Theory of Phenomenological Coefficients in Solid-State Diffusion. III. Limiting Law Conductance for Pure Ionic Crystals

Abstract

The cycle diagrams of the previously derived cluster expansions are studied in detail for pure ionic crystals containing Schottky defects. The chain diagram approximation for the equilibrium pair correlation function is employed throughout. Some diagrams are then zero and the remainder yield, in the continuum limit, the Onsager limiting law for the relaxation effect for the conductance at zero frequency. The coefficient of the correction of lowest order in κa to this limiting law which arises when the cycle diagrams are evaluated allowing for the discreteness of the lattice is determined for the NaCl structure. The predictions of this correction are compared with exact numerical evaluations of the cycle diagrams. The corrections from the time-dependent correlation terms are well approximated by the analytic result and are very close to those predicted by the Pitts ion-size correction for electrolyte solutions. However, the remaining corrections from the time-independent correlation terms are but poorly represented by the analytic result and tend to cancel the other corrections.

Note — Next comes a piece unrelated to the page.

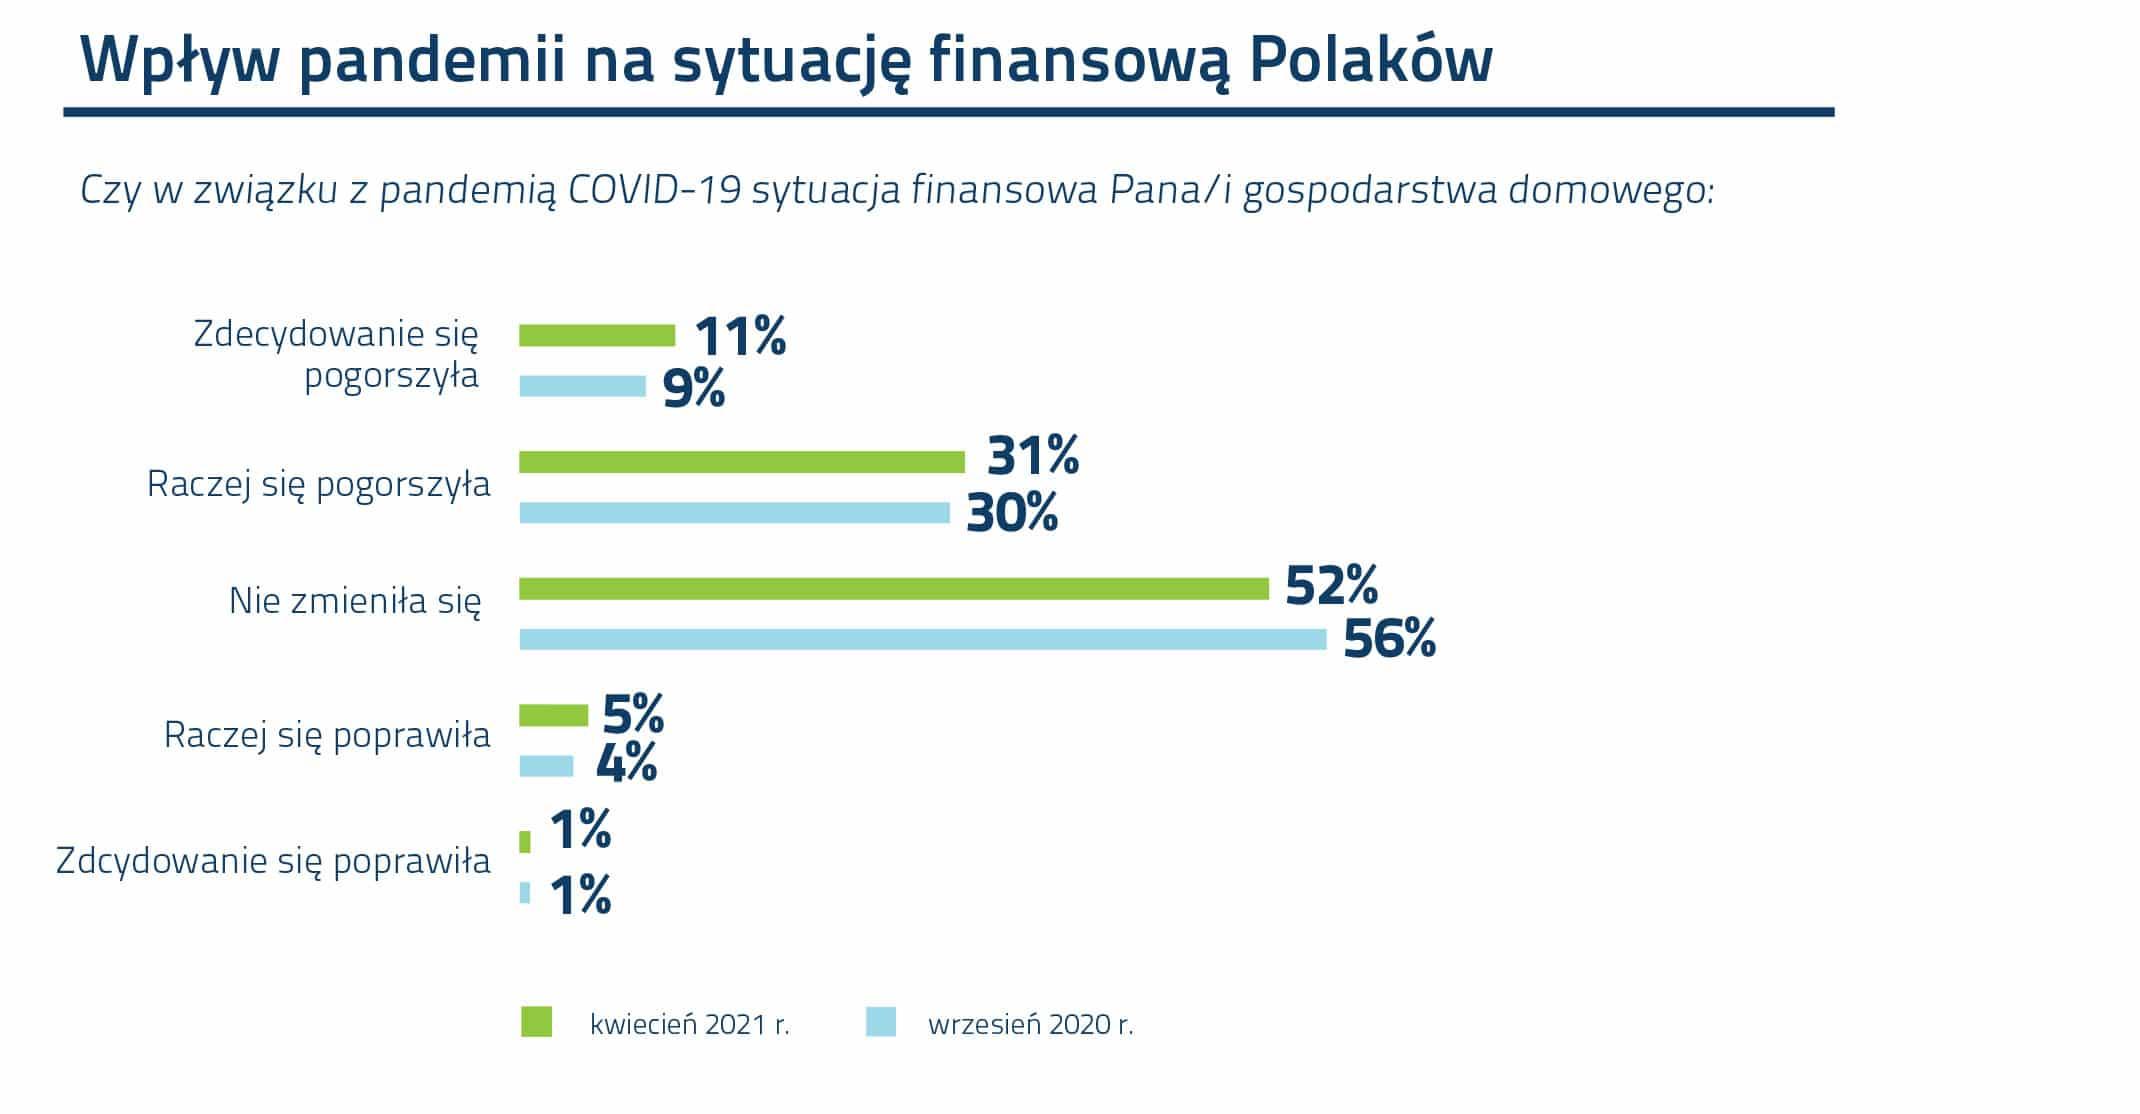 Wykres_Wpływ pandemii na finanse Polaków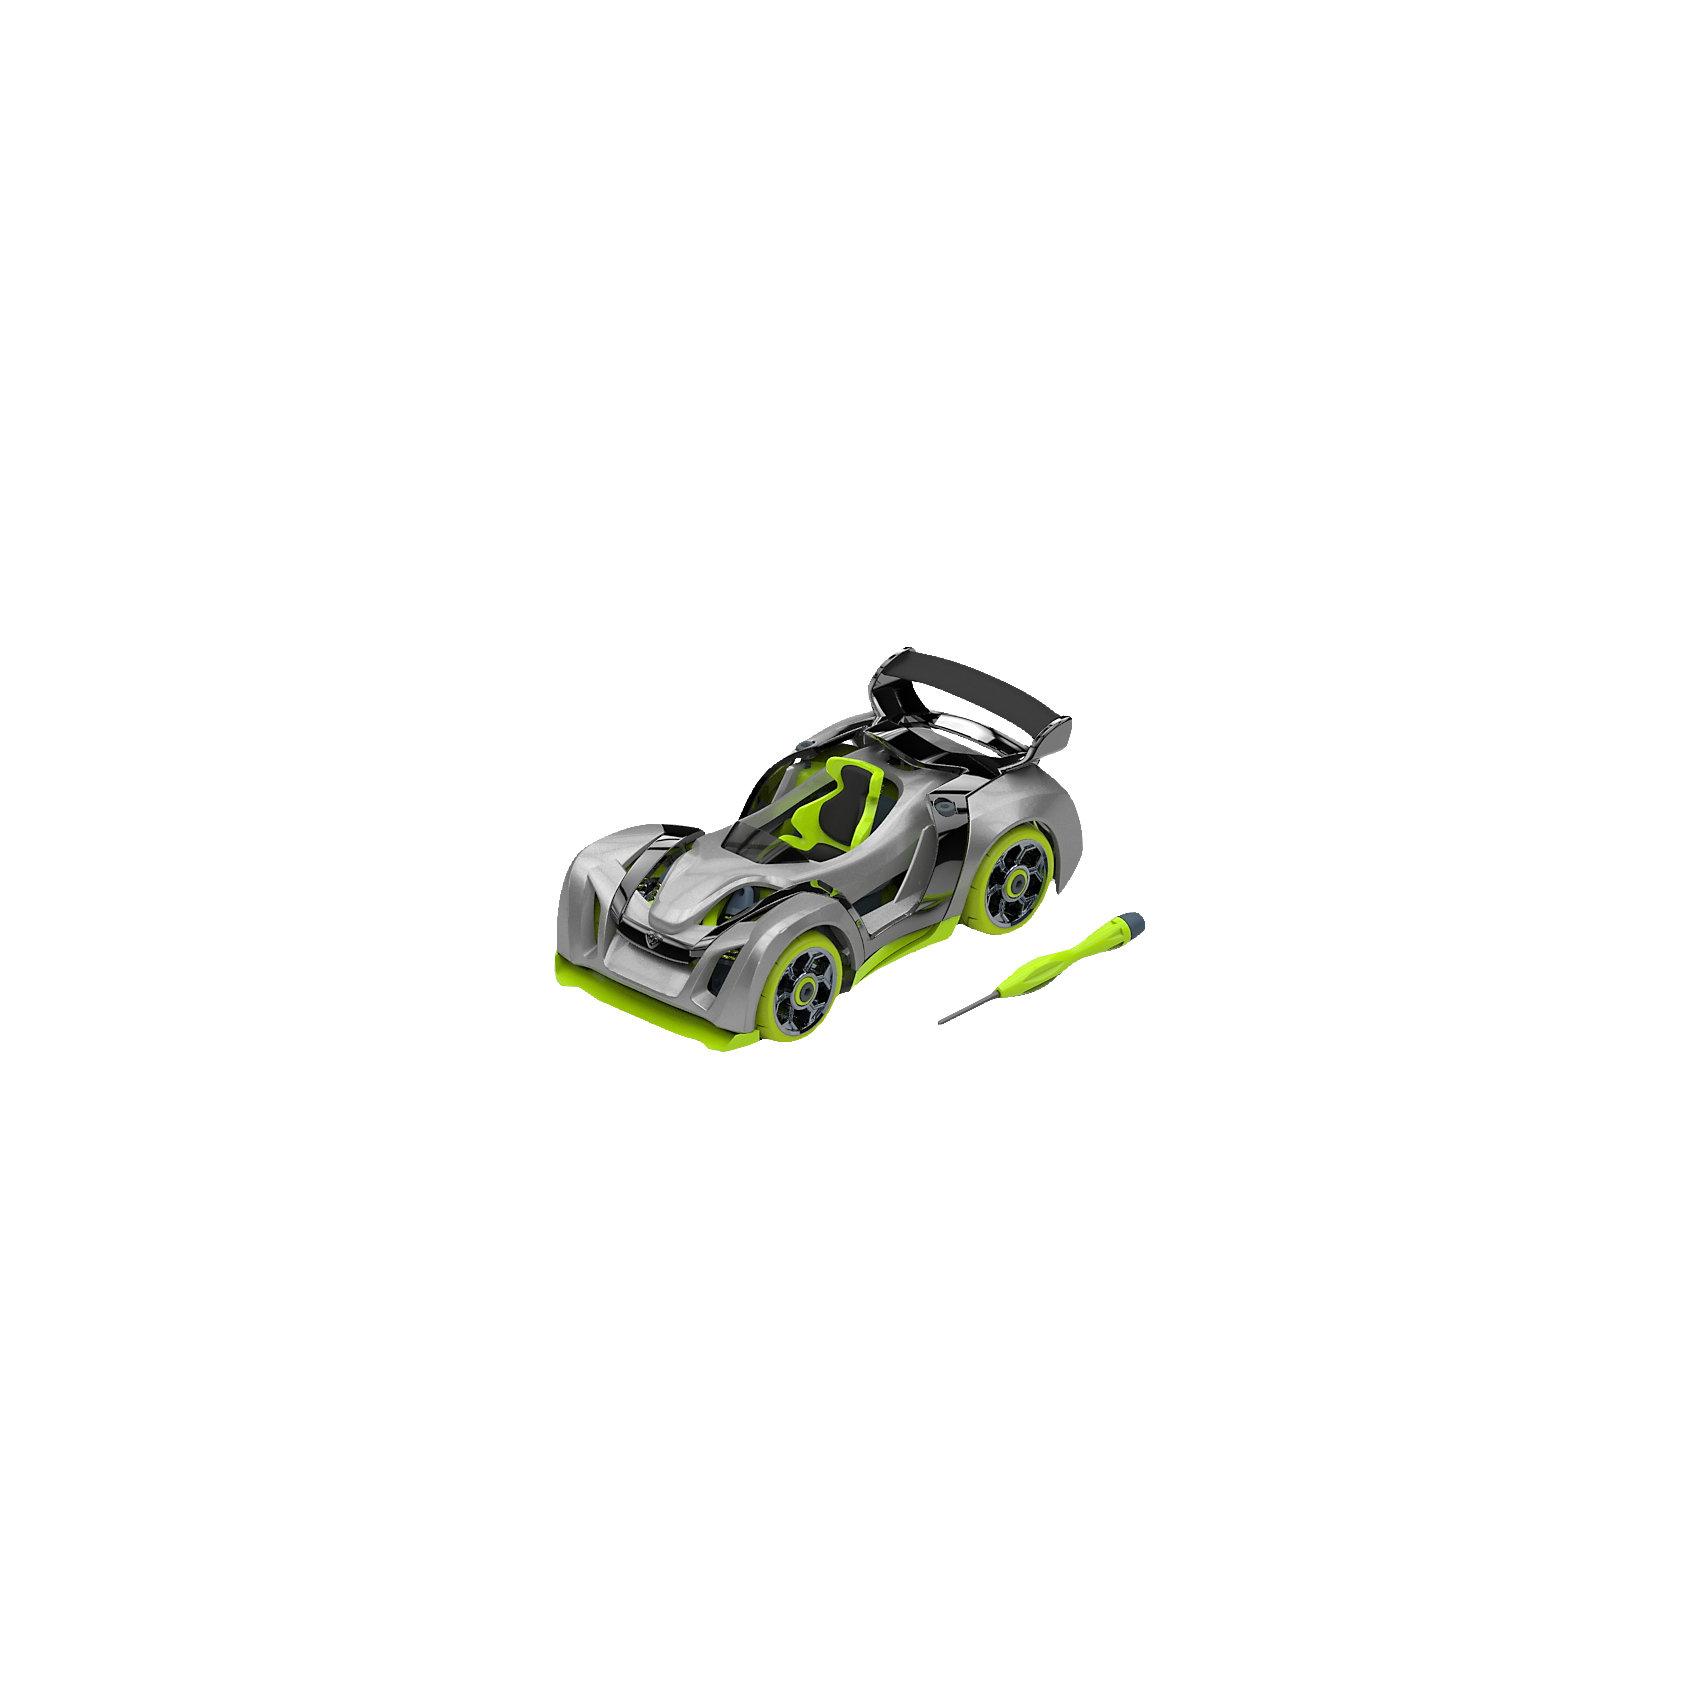 Набор для сборки машинки T1 Track Car Single, ModarriСборные модели транспорта<br>Набор для сборки машинки T1 Track Car Single, Modarri<br><br>Характеристики: <br><br>• Возраст: от 7 лет<br>• Материал: металл, пластмасса<br>• Комплектация набора: детали для сборки машины, отвертка, инструкция<br><br>Этот современный набор подойдет для использования детьми от семи лет. В комплект входят запчасти для создания гоночных машинок, которые смоделированы по образцу настоящих итальянских суперкаров и внедорожника с яркой подсветкой и высокой маневренностью. Все запчасти автомобилей взаимозаменяемы между собой, а так же имеют повышенную прочность. <br><br>Каждая модель имеет высокую детализацию и, без сомнения, впечатлит юного конструктора. В наборе содержатся не только детали от машинок, но и отвертка с инструкцией, чтобы ваш ребенок мог как можно скорее получить впечатляющий и радующий его результат.<br><br>Набор для сборки машинки T1 Track Car Single, Modarri можно купить в нашем интернет-магазине.<br><br>Ширина мм: 215<br>Глубина мм: 200<br>Высота мм: 83<br>Вес г: 260<br>Возраст от месяцев: 96<br>Возраст до месяцев: 2147483647<br>Пол: Унисекс<br>Возраст: Детский<br>SKU: 5430837

It is concluded that the major approximation in the use of the Onsager limiting law is the use of the chain diagram approximation for the pair correlation function (equivalent to the Debye–Hückel linearized result in the continuum limit) and this is probably relatively more important than effects arising from the discreteness of the lattice or corrections arising from the dynamics of vacancy pairs, triplets, etc. Further numerical study of this point is required. The generalization of the results to Frenkel defects is considered briefly but without detailed results.